Luthiers born 600 years ago gave us the first violins. Instrument refinement came about through multiple generations of violin makers devoted to their craft.
One has to imagine that in the earlier years of violin making – in the 1500s when we have the first recorded evidence of the modern violin emerging from the precedent instruments vielle, rebec, and lira da braccio – that it was a time to discover a new sound. Consequently, it was also a time when the courts of kings as well as the streets of peasants began to hear melodies and concertos of exquisite beauty and grace.

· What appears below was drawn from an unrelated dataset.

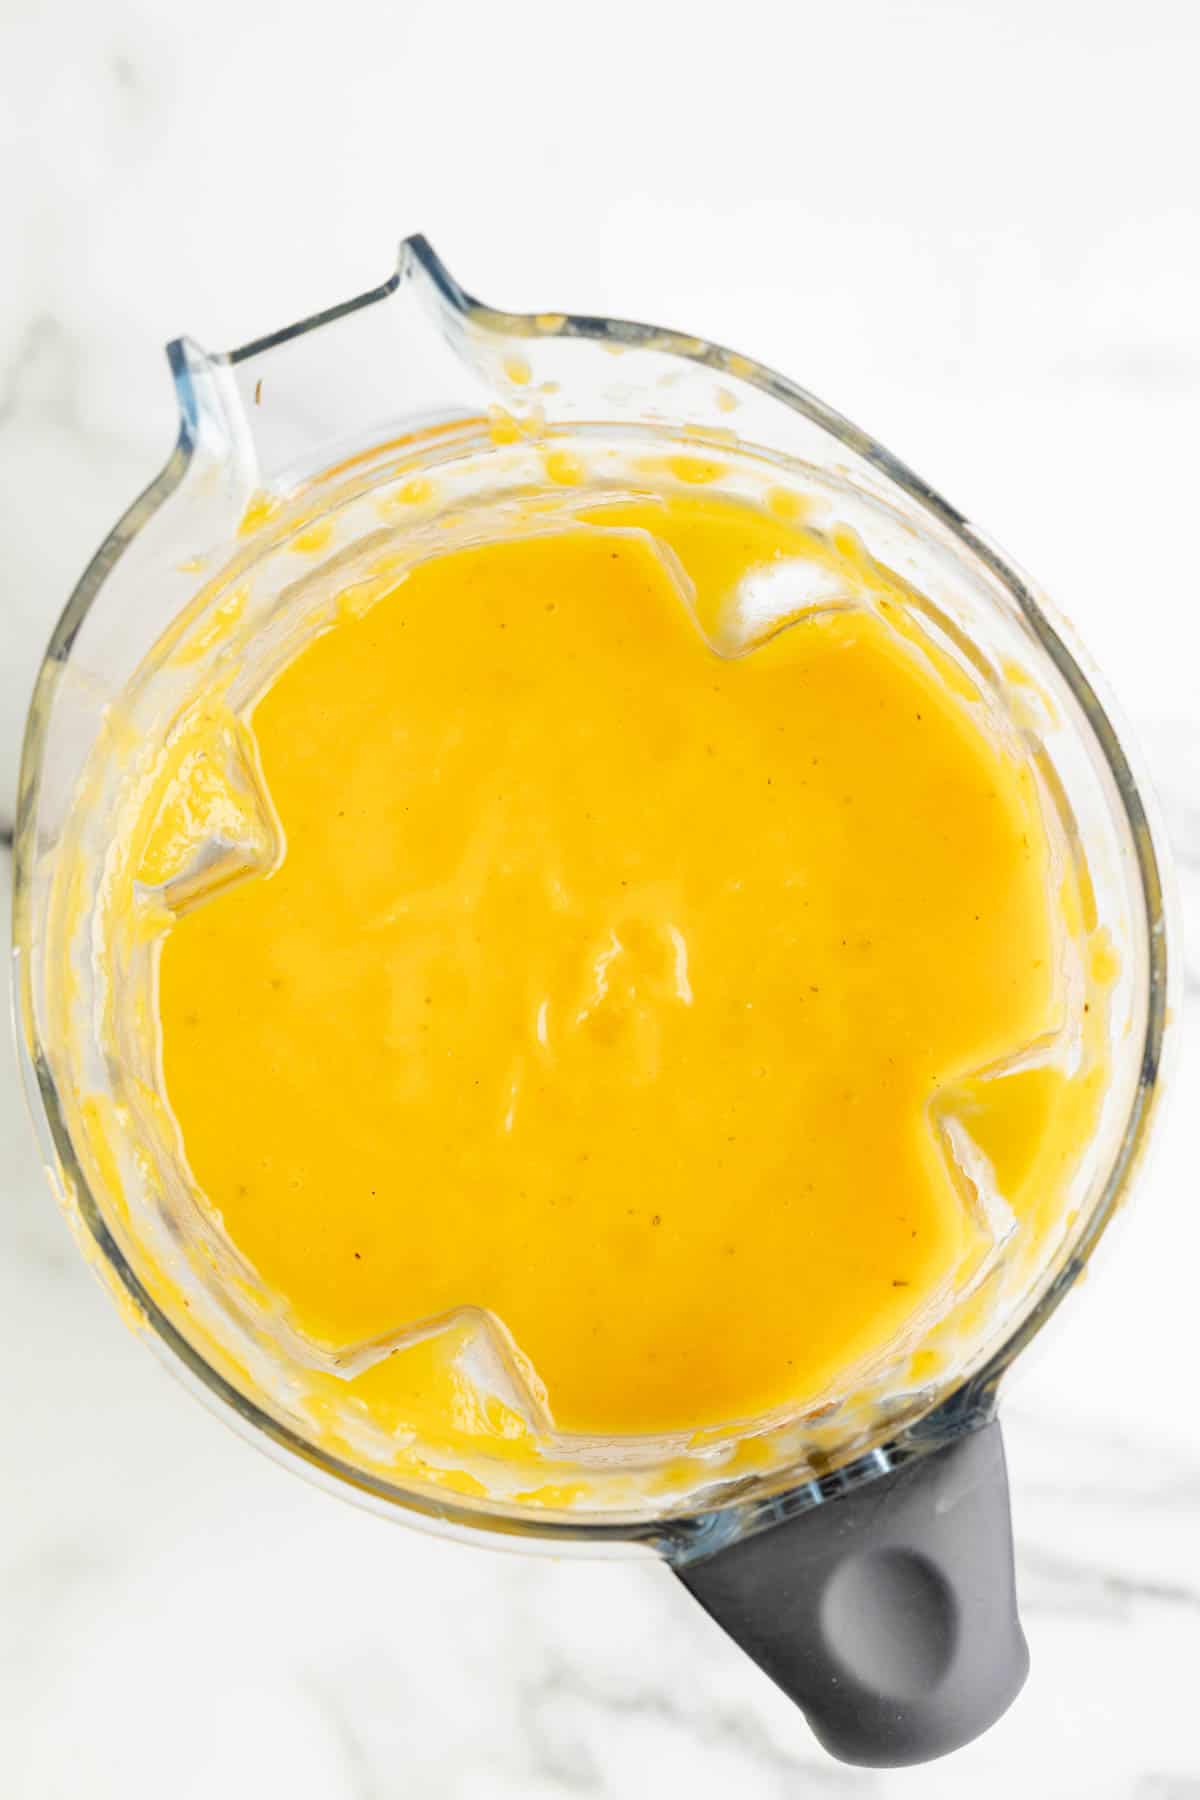 Blended butternut squash soup in a blender.

Several key violin makers emerged at this time, each setting up a fine violin shop in key cities and offering fine stringed instruments for sale. In fact many were multi-generation families who passed the craft from father to son or nephew (very little is recorded of women participating in the process, with a few exceptions). Those families include the names Micheli, da Salo, and Maggini. A bit later came the Guarneris, Amatis, and Antonio Stradivari (notably, the wealth that Stradivari left to his luthier son, Omobono, led him to quit the business, halting production of any later generations of Stradivariuses).
Which begs a question: Why did crafts of all kinds, including those of fine stringed instrument makers, tend to run in families?
The answer is multifaceted but rooted in the economic and cultural structures of that time. Guilds and apprenticeships were serious business, favoring sons who aspired to their fathers’ trades. Cultural conditions also favored families staying in the same professions. The value of artisanship meant that something like violinmaking was a calling, placed far above simply having a vocation. Surprising to some, the fact that a formal education was a rarity meant that learning for the most part happened within families and their professions. Technological advancements were slow then, further making it likely that the methods devised by fathers and grandfathers were just as meaningful to the sons and grandsons.
And so it worked for the Micheli, da Salo, and Maggini families.
The Michelis are somewhat confusing in that there were two sets of Micheli luthiers who by public records seem not to have been related. Zanetto Micheli (1489-1560) began their dynasty in Brescia, where his violins, viols, and bows were sold to the nobles of that town. His son, Pellegrino Micheli da Montechiaro, also made violas, violones, liras, double basses, and ceteras in addition to violins. The “other Michelis” came 300 years later.
Pellegrino Micheli was a contemporary of Gasparo da Salo (1542-1609), who also worked in Brescia. Surviving instruments show da Salo refined the violin design in shape, size, and overall construction. In fact, his designs became known as the Brescian style, which included ornate craftsmanship and a robust, powerful sound.
Da Salo’s son, Francisco, was one of five students who learned the methods of Gasparo. His work is not celebrated, but Da Salo’s nephew, Giovanni Paolo Maggini (1580-1632) began his own family tradition. Maggini’s instruments are distinguished for their tonal qualities. He incorporated some of the techniques from his uncle, but continued to improvise upon the form in his own ways, including a larger-form violin that could produce richer and more powerful sounds. His son (although there is some question on parentage), Pietro Giovanni Maggini, made violins that are less well known and valued, but they maintained the style of Giovanni Paolo Maggini.
Back to the name Micheli, Ferdinando Micheli (1822-1892) came 350 years later than Zanetto, largely working in Florence and the son of another luthier, Domenico Micheli. They are not believed to be related to Zanetto Micheli, but their instruments are considered fine and made in the style of Stradivari and Guarneri.
The guild-apprentice systems no longer have the influence on professions in Europe and elsewhere today. But craftsmanship and style still matter with fine modern violins – which to be clear are made one at a time by the hands of skilled violinmakers. Violinists understand this such that the makers and how they make their instruments still have a great effect on their value.